● Dataset excerpt:

* * * *

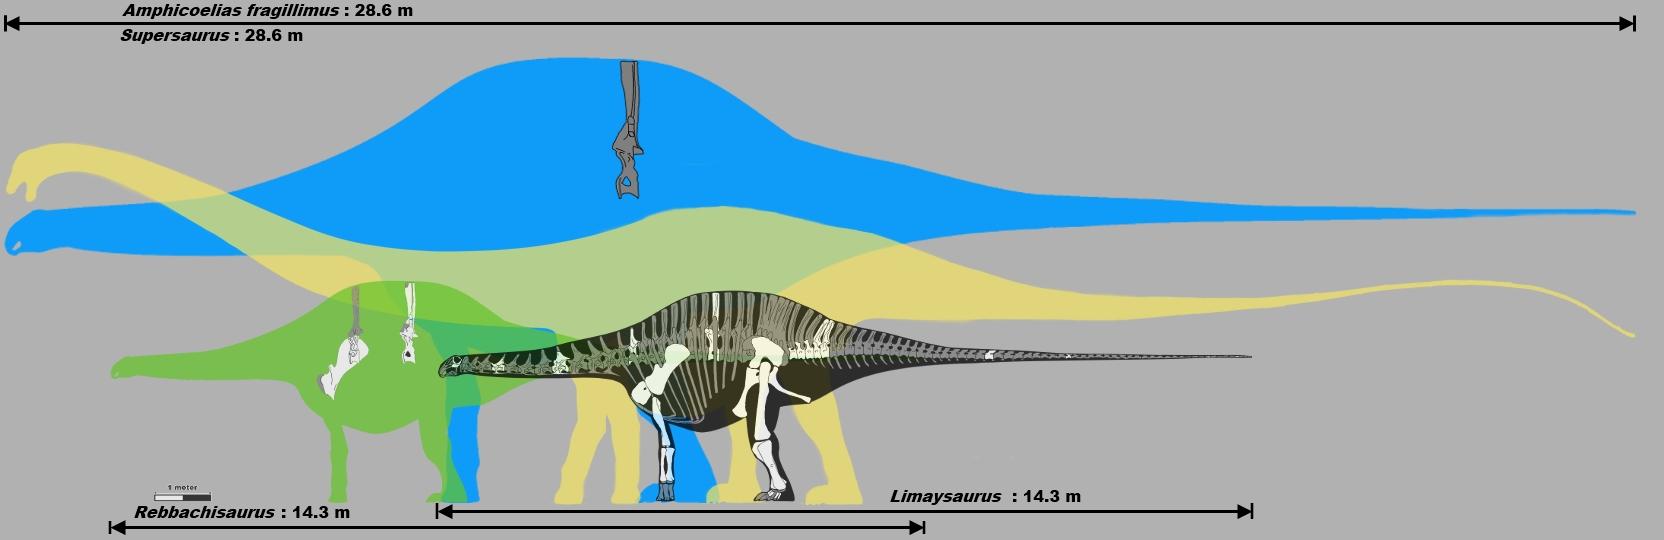 was amphicoelias a rebbachisaur by palaeozoologist on
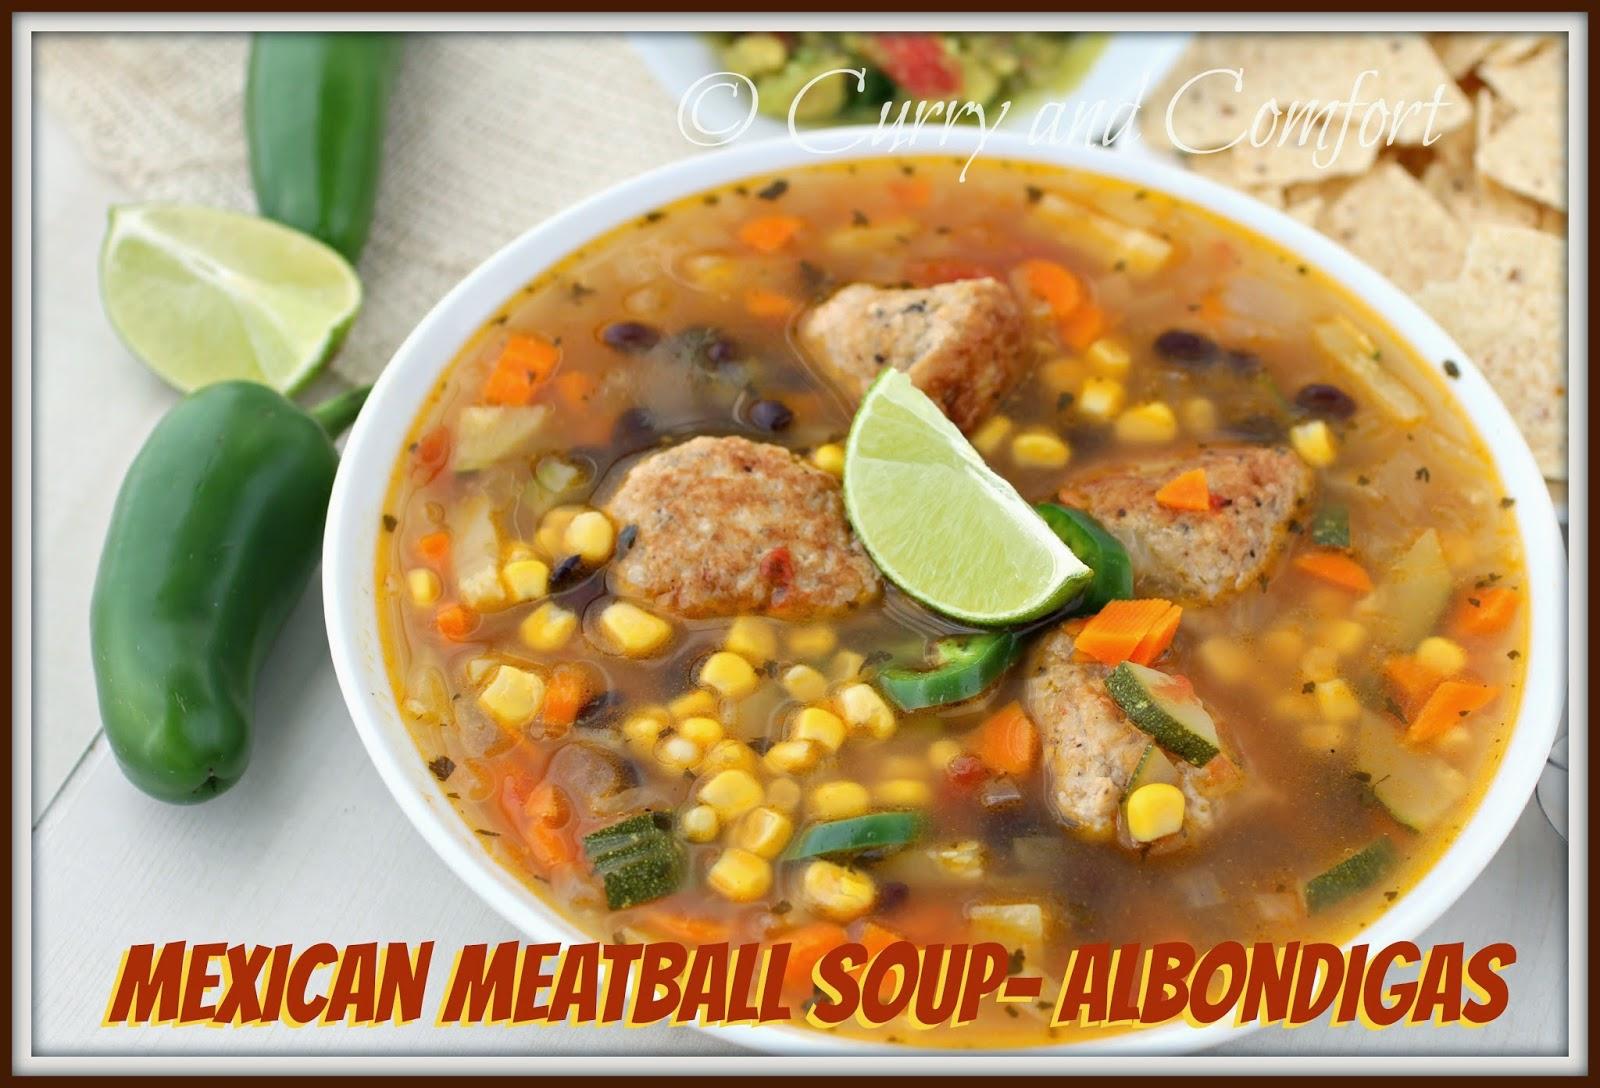 Kitchen Simmer: Mexican Meatball Soup (Albondigas)- Throwback Thursday
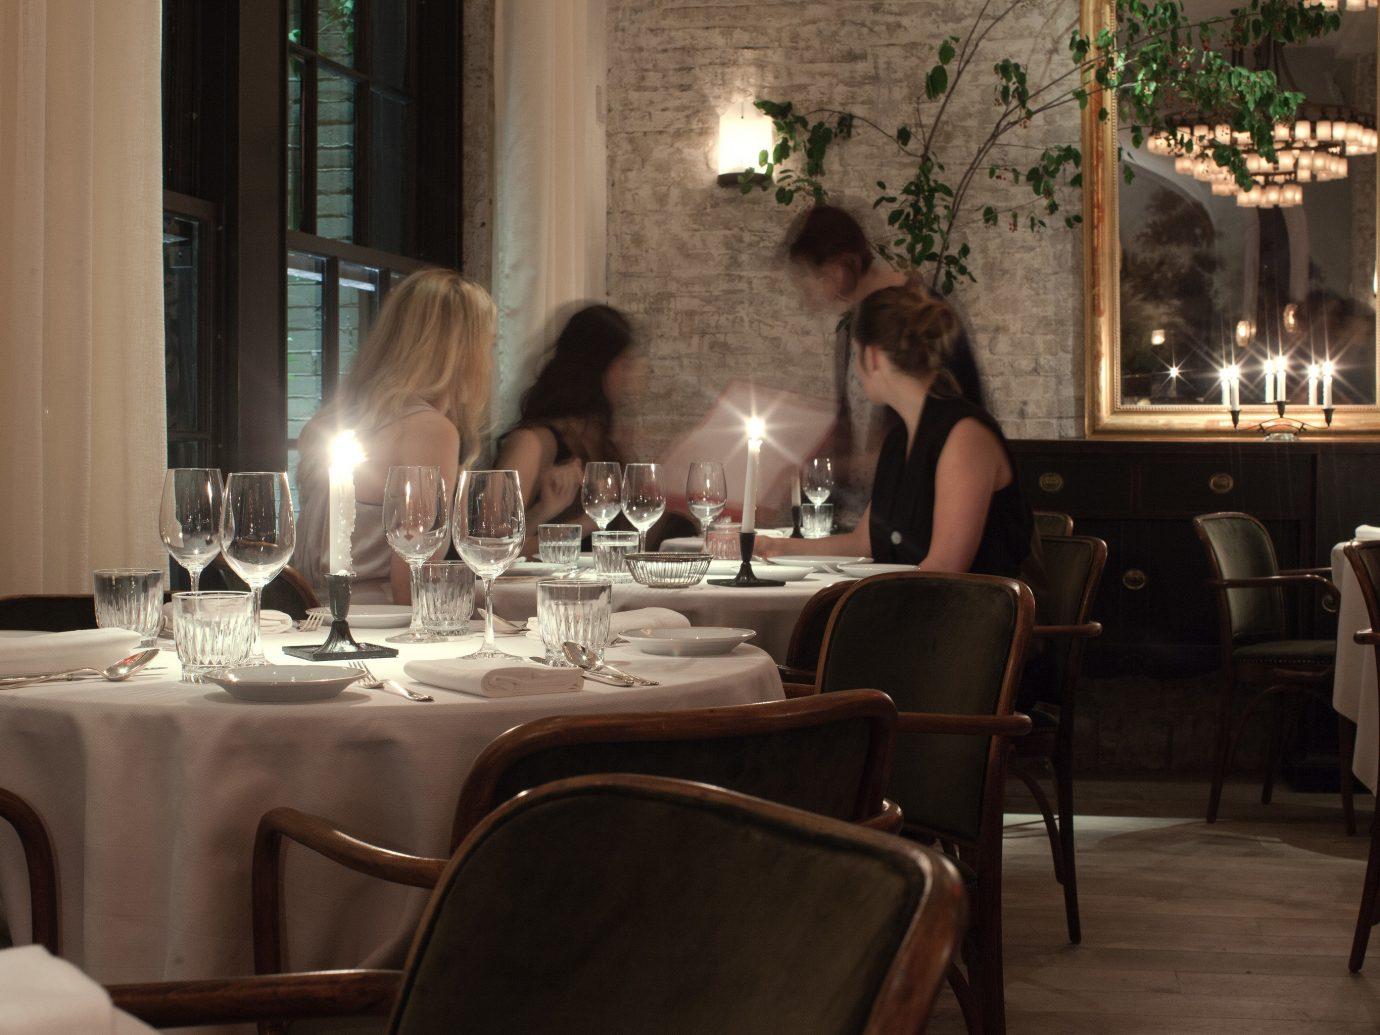 Hotels indoor window restaurant meal room function hall Bar interior design dining table

* * * *

● Problem statement: A word-for-word copy of the listing is needed. It must not include the pictures.

● Output below:
 was amphicoelias a rebbachisaur by palaeozoologist on
 Kitchen Simmer: Mexican Meatball Soup (Albondigas)- Throwback Thursday
 Hotels indoor window restaurant meal room function hall Bar interior design dining table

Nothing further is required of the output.